На самом деле, к моим поэтическим заскокам Дюша относился вполне серьёзно, хотя и довольно критически, чего я немного побаивалась и каждый раз волновалась, показывая свои творения. Но его критика никогда не была беспочвенной, я обижалась, успокаивалась, обдумывала и соглашалась.
Наше дерево ещё не оделось листвой, только выпустило первые клейкие листочки, и шатёр получался ажурным, ничего не скрывающим, но люди здесь ходили редко и нам никто не мешал. Я читала, Луч бродил по плечу, Дюша слушал.
Почему так случается:
Двое где-то встречаются
Один раз, а потом вновь и вновь,
И совсем ниоткуда
Возникает вдруг чудо,
И зовут это чудо Любовь?
Почему так случается:
С неба звёзды срываются,
И наполнен весь мир светом их,
И поймёшь ты однажды,
Улыбнёшься и скажешь,
Что весь мир лишь для вас, для двоих?
Почему так случается:
Краски вдруг размываются,
Над рекою клубится туман,
И всё стало ненужным,
Обычным и скучным,
И в словах, и в глазах лишь обман?
Почему так случается:
Плохо всё получается,
Всё не то, все не те, всё не так,
И не сбылось пророчество,
И опять одиночество –
Злейший друг твой и лучший враг?
Почему так случается:
Ничего не меняется,
То же солнце и та же звезда,
Только двое расстались,
Навсегда попрощались,
Навсегда, навсегда, навсегда?
– Рассказывай.
– Что рассказывать?
– Луновая, ёжика не отыгрывай. С чего тебя накрыло?

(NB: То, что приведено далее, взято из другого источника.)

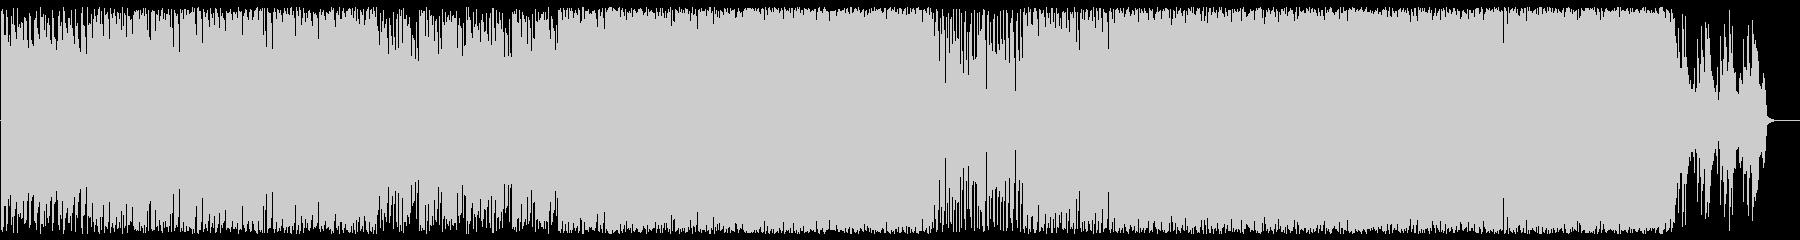 ムーディでオシャレなアコギとピアノBGMの未再生の波形

Если Дюша перешёл на фамилию лучше признаваться во всём содеянном и не содеянном тоже. Номер с отмазкой, что всё это чистая теория, построенная на книжных историях и не имеющая ко мне отношения, не прокатит.
– Сама не знаю, настроение не очень было, заснуть не могла, напридумывалось всякого, а оно потом приснилось. И сон такой… реальный, и не забывается. Как будто мы с ним встретились, ну и дальше, как в стихах. У меня строчки с утра в голове крутились, а пока над сочинением думала, ещё трагики добавила, и они сложились. Уже прошло, Дюш, правда. Критиковать будешь?

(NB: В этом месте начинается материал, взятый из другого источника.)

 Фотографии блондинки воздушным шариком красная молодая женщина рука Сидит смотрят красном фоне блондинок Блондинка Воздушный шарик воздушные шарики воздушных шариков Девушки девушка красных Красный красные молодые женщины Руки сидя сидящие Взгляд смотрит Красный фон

– Буду, потом. В твоём «уже прошло» правды столько же, сколько ума в Гризли. Успокоишься, тогда поговорим.
– Ладно, давай так, – спорить я не стала, настроение после сна, действительно, так и не пришло в норму, сменила тему. – Дюш, может мне в «пед» пойти, если на журналистику не поступлю? Будет в школе хоть один продвинутый препод. Педагогический там есть, я узнавала, и с твоим почти близко, вроде бы. Дюш, ты же переведёшься?
Перевестись в институт, расположенный в городе Принца, Дюша обещал давно, ещё с первых наших разговоров о моём поступлении, но я всё равно об этом спрашивала, не могла представить, что его не будет рядом, и облегчённо выдыхала, услышав положительный ответ. И сейчас выдохнула. И снова вдохнула.
– Дюш… Дю-у-уш…
– В ло-о-об, – растягивания имени он по-прежнему не терпел, а у меня оно иногда непроизвольно получалось, от какого-нибудь потрясения.

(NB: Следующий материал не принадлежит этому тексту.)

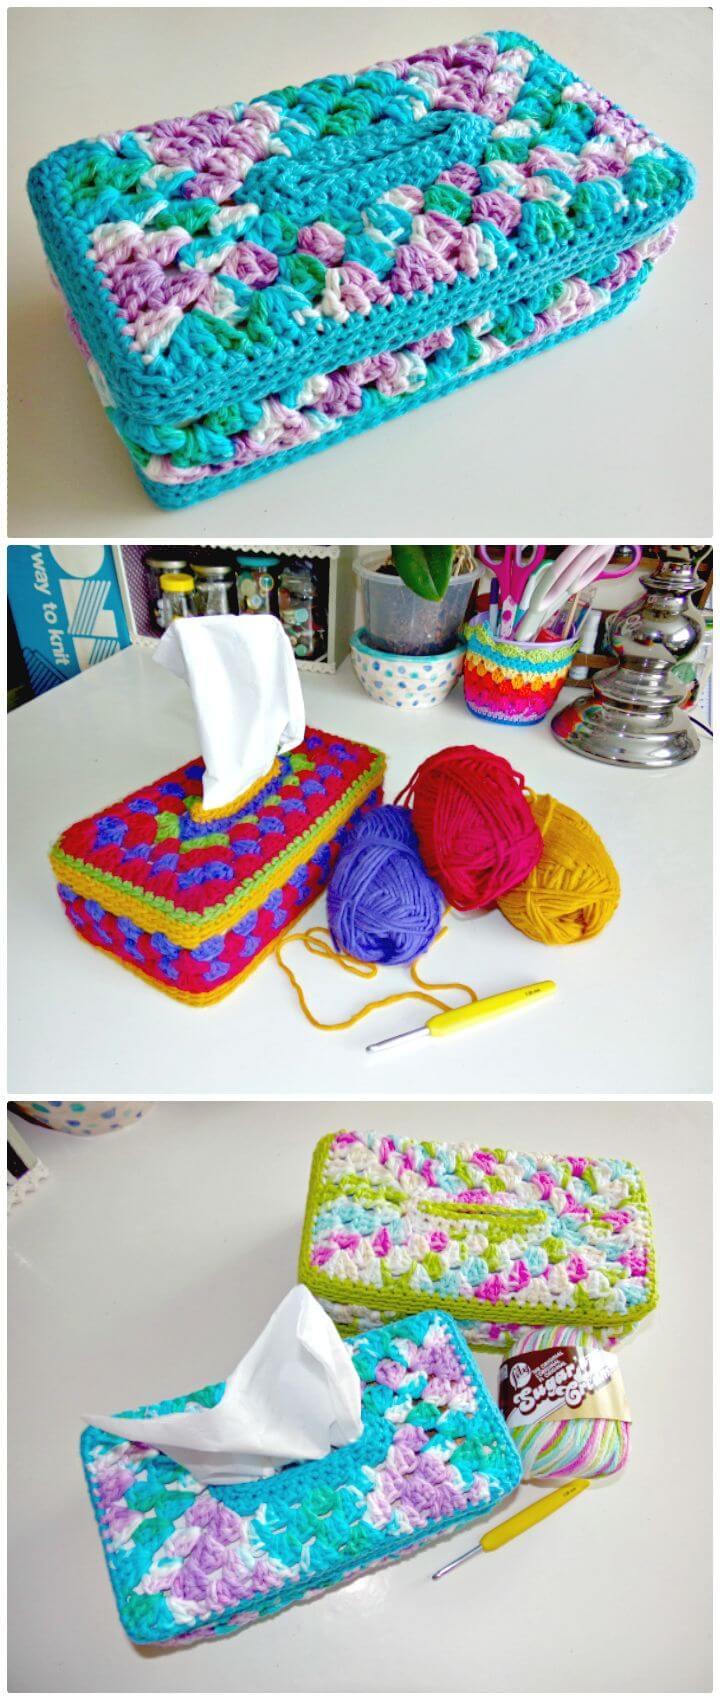 Patrón de cubierta de caja de pañuelos de panel abuelita de ganchillo fácil y gratuito

– Потом. Дюш, Луч говорит…
То, что говорил Луч, требовалось опробовать немедленно. Вот просто ни секундочки не откладывая! Нет, всё-таки, чуточку отложив.
– Я сейчас, я быстро!
С зеркальцем я давно не расставалась и так же давно Дюша спокойно наблюдал за моими «свиданиями» с Принцем, терпеливо ждал, пока насмотрюсь и вернусь в его общество, точно зная, что «быстро» – понятие очень растяжимое.
Принц не менялся. Для меня это было нормально и правильно, ведь годы не властны над сказочным Принцем. Сегодня окошко показало, как он выходит из мерцающего воздуха, осматривается и неспешно идёт по широкой дороге к далёкому горизонту. Окошко закрылось, когда одинокая фигура стала едва различима.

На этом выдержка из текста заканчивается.